Like you've seen those graphs where stock prices, right? What's the value of them? But it's where people spent their time. Okay. And with the advent of the internet, it came in the middle of the chart and moved all the way to the top.

And it's like 30% greater than anything anybody else does of how they spend their time online. I mean, you go to where people are, you reach people where people are, you cannot avoid being online. I mean, if you even look in the mirror, think about where you spend a lot of your time and where that time would be if you didn't spend time online. That was so cool to see where people were spending their time and where the values changed.

And really friends, it used to be family and then friends and coworkers and all these things. It's a really cool little graphic. I love Twitter or X. That's certainly a rabbit hole in itself, but there's so much great reporting and you hear things before things happen. We even have some property in New Mexico and there were some fires and the news wasn't

reporting it. I was getting like a real time on the ground reporting on Twitter that was accurate. Just the games changed. Yeah. I'm a Twitter fan as well. Nothing.

I talked about that your customers are stressed, there's not a lot of time left, blah, blah, blah. The same thing has happened to you though. There's not a lot of time left. You're stressed. The biggest thing is you have to maintain momentum as a salesperson.

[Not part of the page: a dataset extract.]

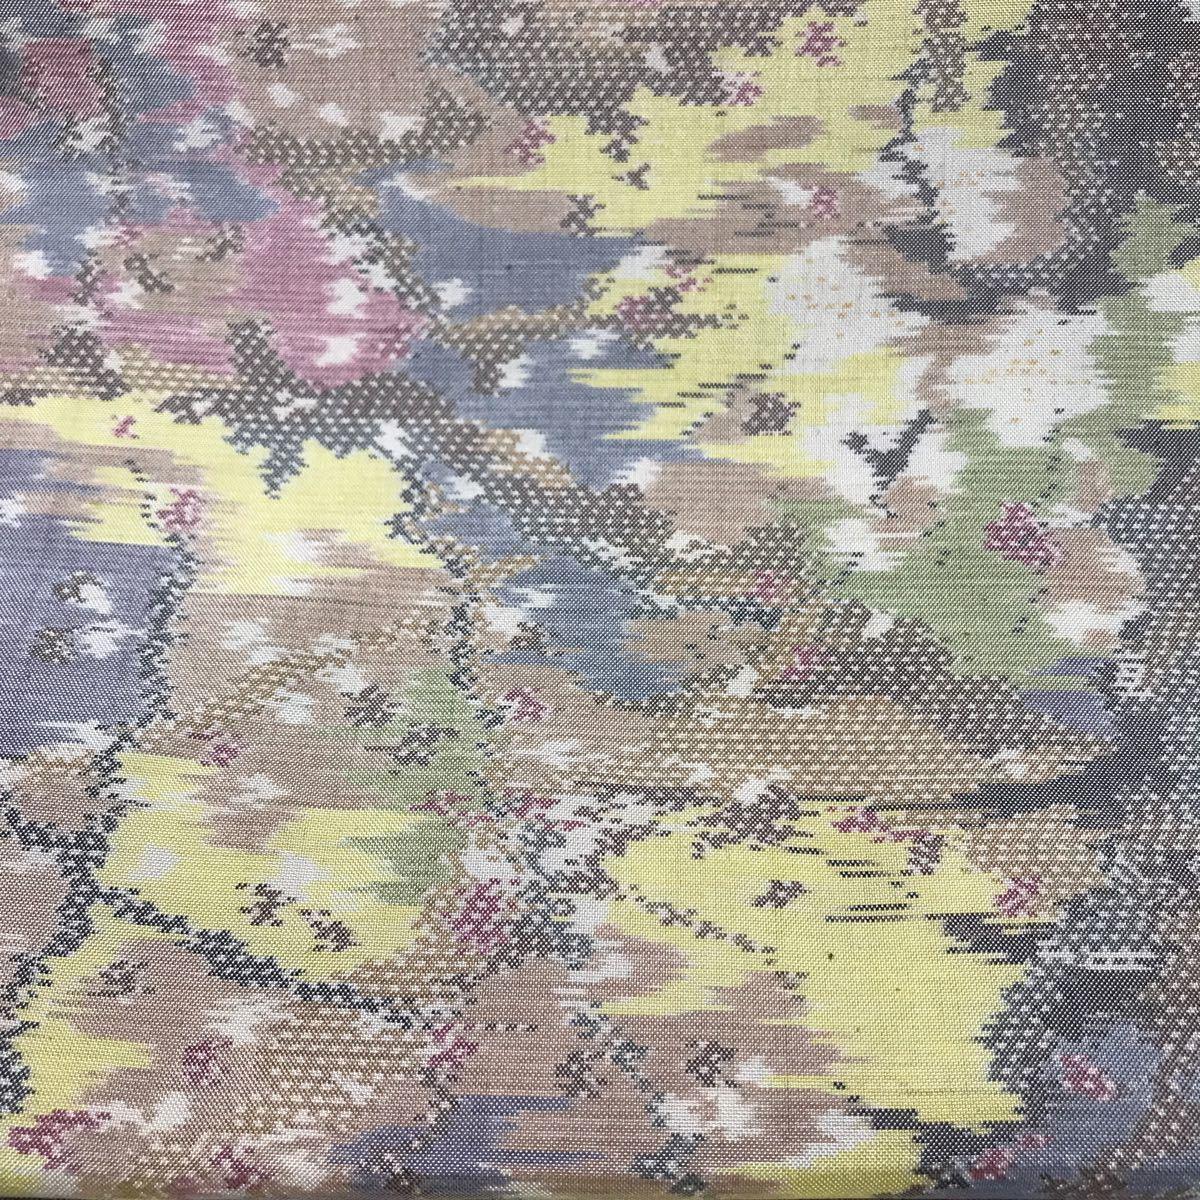 ★着物ハギレ 白大島紬抽象模様 オフホワイト★ 21 ハギレ 古布 はぎれ

Think of all the stuff that allows you to free up time so you can maintain momentum. You need some type of productivity hack. If you don't know what I'm talking about, check out something like thesecretweapon.org. That's the process that I use. It's based on a book called Getting Things Done, but you need some way to free up your time.

Make sure you manage your email well. Everybody has a different method of that. I try to get to zero emails in my inbox each Friday. I'm not always successful, but I try to and I do that to free up my time and do other stuff. Make sure that your workspace is organized well.

I mean, look at Matt's space. He's organized where he can reach everything. All those little things help to make sure that you maintain momentum. Then, the next big thing, and this is where Matt, I want you to jump in. This is a good time to start looking at different ways to create leads. You basically don't have much chance of closing anything this year except a couple of opportunities

we talked about. Why not take this time and instead of trying to stress out and get somebody to sign a contract that's not going to sign it until next year anyway, why don't you look at some different ways to generate leads? We talked about podcasting. Podcasting is a great way to generate leads.

But Matt, off the top of your head, what are two or three or four things a salesperson can do right now to help generate leads at the last of 2024? People do business with people they know, like, and trust. The data says you need to get to, on average, seven hours of them thinking about your brand or yourself or to do business with you. Getting on some podcasts right now, I really think, is probably the best thing you can

do. I was talking to an oil and gas startup yesterday, actually, that just left their former employer. They have a short non-compete. They want to get the brand up and going, all this kind of stuff. I said, okay, yeah, we can do that. That's not a problem.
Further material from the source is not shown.